And tags generally should not be too large.
i guess you may have to update some refcounts which is random loads and that would be the slowest part.
So only bad if you have a list of strings in a tag. Then it may update every refcount in the entire list.
Hmm..
Actually, i guess you have to do that either way if you keep around the original var. So that isn't special to this case
So yeah, small in terms of extra per cost.
I think it’s also important to note that I believe this to be a zero-cost abstraction
because if you indeed wanted to narrow you would have to do all this anyway
and if you didn’t then you will end up passing a smaller type to a larger context and the compiler will error to you because the narrowed type will be closed.
Is the extra cost only incurred when you refine to a union with a single tag? I wouldn’t expect refining to a single tag to be as common
no, it would be any refinement (at least this is my proposal)
Gotcha
Would both of these work?
a : [ A, B ,C]
when a is
A -> B
x -> x
# is the final output type here a [B, C] or an [A, B, C].
a : [ A I32, B ,C]
when a is
A val -> A (val + 1)
x -> x
for the first one it would be [B,C]
the second we should probably discuss but we could make it [A I32, B, C], or a type error
I think it would be quite surprising if the second one was an error.
Like, in the second we might assume that the bottom branch wanted to narrow to [B, C] exactly, but then you tried to add the A variant to it. We can either make that work, or say that if you did not actually want to narrow the return value, change that branch to be _ -> a instead
that's fair.
I guess a very basic work around.
making it “just work” won’t catch unnecessary narrows but it does make seamless type expansion possible (https://ayazhafiz.com/articles/22/simple-flow-refinement-of-anonymous-sum-types#type-expansion)
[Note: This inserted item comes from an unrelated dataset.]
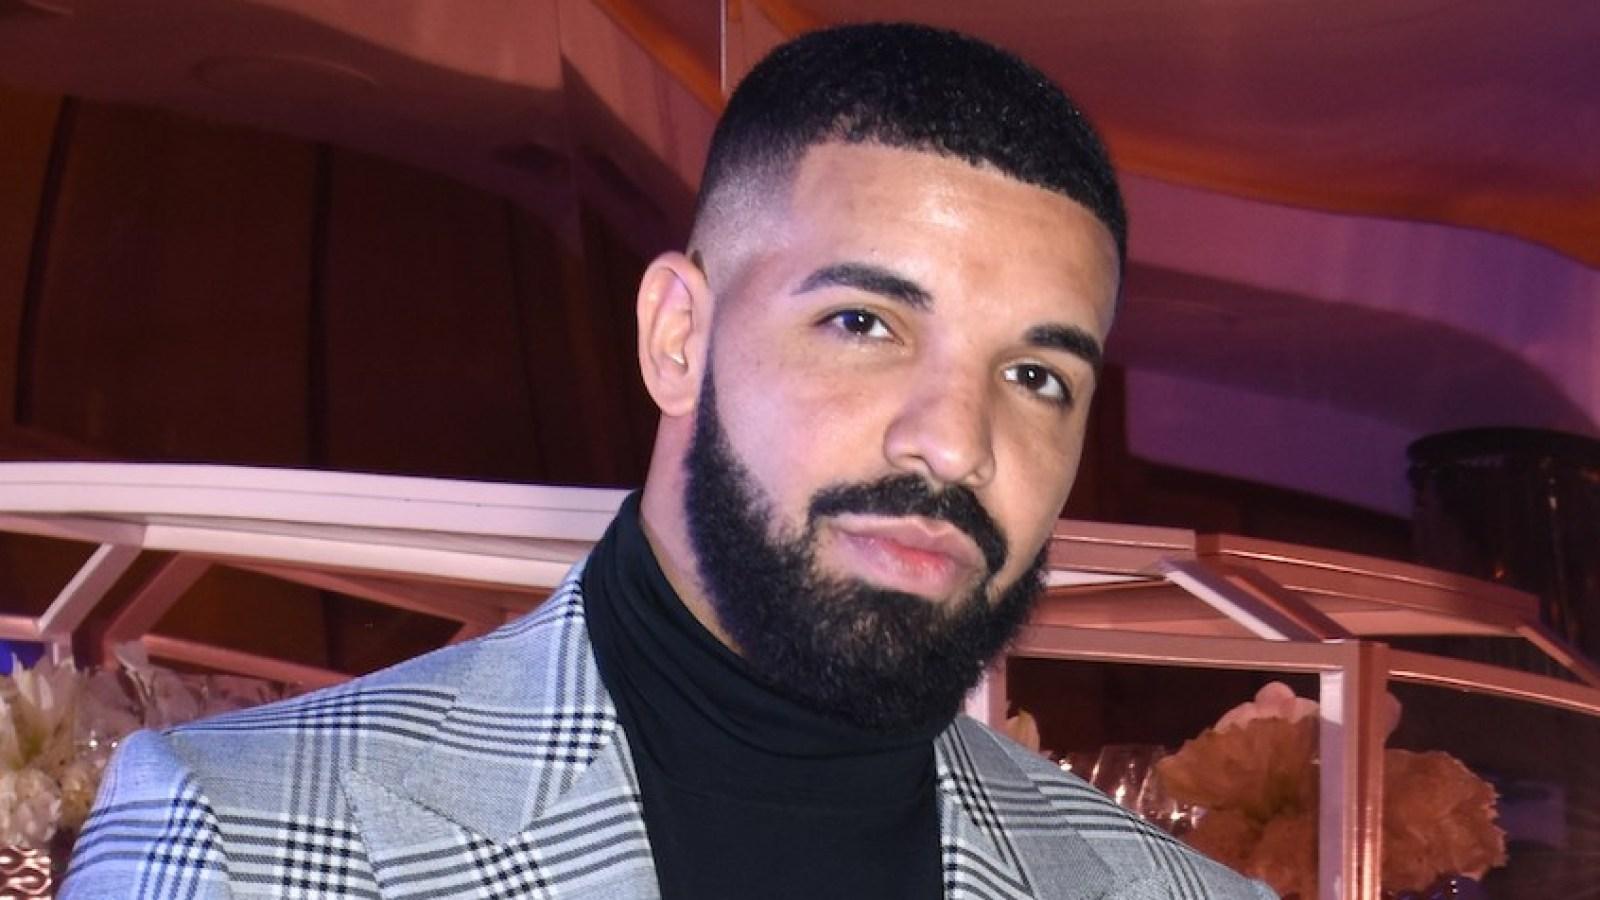 Drake Under Fire for Kissing, Touching Girl, in Resurfaced Video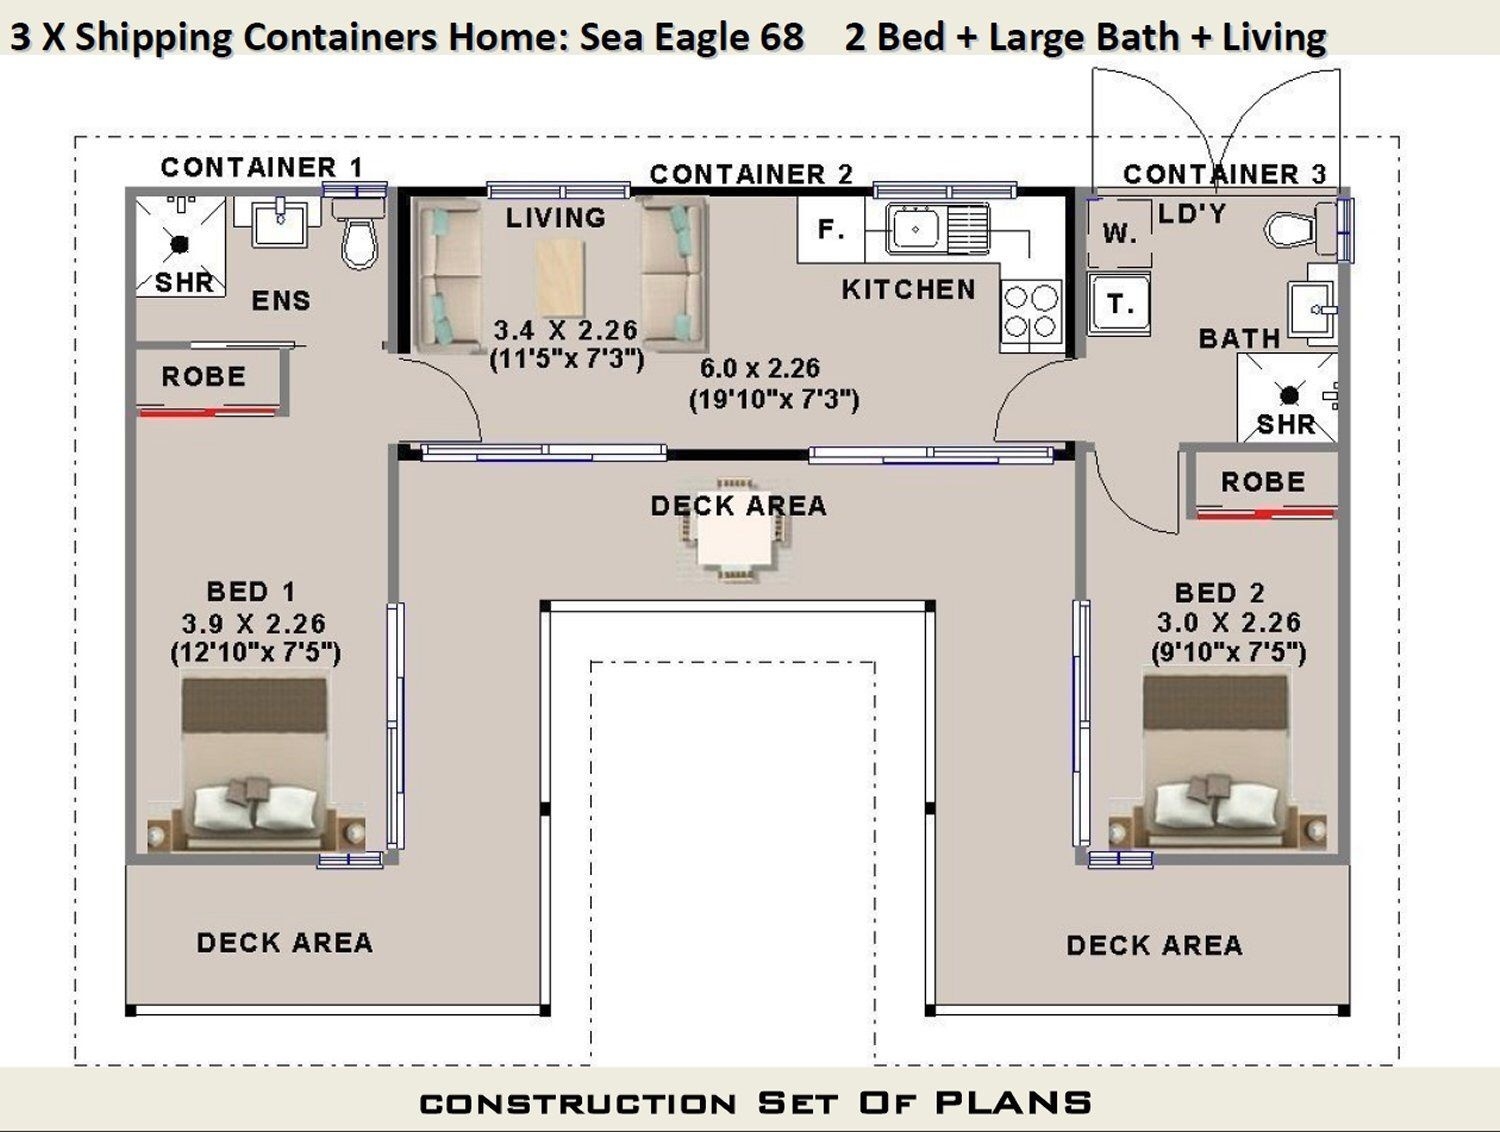 Best 3 x shipping containers 2 bedroom home full construction | etsy regarding outstanding container home design with floor plan

I don’t know how useful that actually is though
the simple answer to type expansion is open unions so maybe it’s always possible to work around that way actually
the type error does mean though that you couldn't write things like
f : [A]a -> [B]a
f = \t -> when t is
A -> B
x -> x
anymore though
oh nevermind, that doesn't work today either lol
thinking about it more, maybe it would be best to never have it type error if you pass in the narrowed type to a larger context, and instead have the narrowing scheme perform type expansion as appropriate if needed. In the case of
a : [ A I32, B ,C]
when a is
A val -> A (val + 1)
x -> x
we would see that the "narrowed" type of x is actually [A I32, B, C], and so actually no conversion at all is necessary, and can be eliminated
If you had
f : [B, C]* -> {}
a : [ A I32, B ,C]
when a is
A val -> A (val + 1)
x -> f x
this would perform a conversion when we didn't need to, so that is not zero-cost, but this seems like a contrived case (and the cost is negligible anyway). maybe the compiler could be smarter here too
I agree it would be nice if it never errored. For example, this should not error
fancyColorName : [ Red, Green, Blue ] -> Str
fancyColorName = \c -> when c is
Red -> "Scarlet"
_ -> defaultColorName c
whether defaultColorName is defined as
defaultColorName : [ Red, Green, Blue ] -> Str
defaultColorName = \c -> when c is
Red -> "Red"
Green -> "Green"
Blue -> "Blue"
or
defaultColorName : [ Green, Blue ] -> Str
defaultColorName = \c -> when c is
Green -> "Green"
Blue -> "Blue"
and whether the _ case is written as _ -> defaultColorName c, gb -> defaultColorName gb, or Green | Blue -> defaultColorName c.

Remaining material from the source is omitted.